Task input:
= Beginning of Section =
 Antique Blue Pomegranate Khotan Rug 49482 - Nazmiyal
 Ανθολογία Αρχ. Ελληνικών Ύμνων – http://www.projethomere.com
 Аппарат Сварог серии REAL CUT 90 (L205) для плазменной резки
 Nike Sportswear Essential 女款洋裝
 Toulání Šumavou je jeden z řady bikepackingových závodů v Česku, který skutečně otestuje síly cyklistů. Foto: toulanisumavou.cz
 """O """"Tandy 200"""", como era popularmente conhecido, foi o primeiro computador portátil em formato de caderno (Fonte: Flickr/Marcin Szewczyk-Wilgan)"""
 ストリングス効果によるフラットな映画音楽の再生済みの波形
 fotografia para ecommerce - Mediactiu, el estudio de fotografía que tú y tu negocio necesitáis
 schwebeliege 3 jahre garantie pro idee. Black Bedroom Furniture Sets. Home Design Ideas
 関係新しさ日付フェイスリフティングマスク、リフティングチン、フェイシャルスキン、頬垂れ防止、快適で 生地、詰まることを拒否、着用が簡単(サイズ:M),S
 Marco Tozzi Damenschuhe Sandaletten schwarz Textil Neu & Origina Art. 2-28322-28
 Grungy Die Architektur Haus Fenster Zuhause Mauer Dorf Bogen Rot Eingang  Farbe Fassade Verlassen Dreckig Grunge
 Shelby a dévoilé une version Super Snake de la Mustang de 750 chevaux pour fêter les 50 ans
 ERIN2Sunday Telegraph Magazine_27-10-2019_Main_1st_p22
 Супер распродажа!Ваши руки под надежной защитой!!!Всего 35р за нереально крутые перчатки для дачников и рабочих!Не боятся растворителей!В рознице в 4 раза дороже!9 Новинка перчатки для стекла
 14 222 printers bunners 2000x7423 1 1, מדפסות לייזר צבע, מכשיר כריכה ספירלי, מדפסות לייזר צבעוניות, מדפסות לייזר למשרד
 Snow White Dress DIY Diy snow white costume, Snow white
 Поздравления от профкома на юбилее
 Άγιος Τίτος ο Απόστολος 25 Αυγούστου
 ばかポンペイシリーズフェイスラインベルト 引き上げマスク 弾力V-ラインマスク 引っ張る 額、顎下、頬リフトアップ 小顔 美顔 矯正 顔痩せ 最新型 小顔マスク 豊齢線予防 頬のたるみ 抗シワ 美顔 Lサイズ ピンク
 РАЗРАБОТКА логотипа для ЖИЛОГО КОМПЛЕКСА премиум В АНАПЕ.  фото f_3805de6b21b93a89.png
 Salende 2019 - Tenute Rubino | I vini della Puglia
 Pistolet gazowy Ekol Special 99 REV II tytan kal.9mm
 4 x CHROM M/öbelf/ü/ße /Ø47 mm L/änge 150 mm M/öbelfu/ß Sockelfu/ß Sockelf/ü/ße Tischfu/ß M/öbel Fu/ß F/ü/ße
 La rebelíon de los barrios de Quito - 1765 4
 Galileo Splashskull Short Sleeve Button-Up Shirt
= End of Section =
Keeping every character as it is, restate the lines above that run from the line with "schwebeliege 3 jahre" through the line with "Marco Tozzi Damenschuhe", both included, and nothing else.

 schwebeliege 3 jahre garantie pro idee. Black Bedroom Furniture Sets. Home Design Ideas
 関係新しさ日付フェイスリフティングマスク、リフティングチン、フェイシャルスキン、頬垂れ防止、快適で 生地、詰まることを拒否、着用が簡単(サイズ:M),S
 Marco Tozzi Damenschuhe Sandaletten schwarz Textil Neu & Origina Art. 2-28322-28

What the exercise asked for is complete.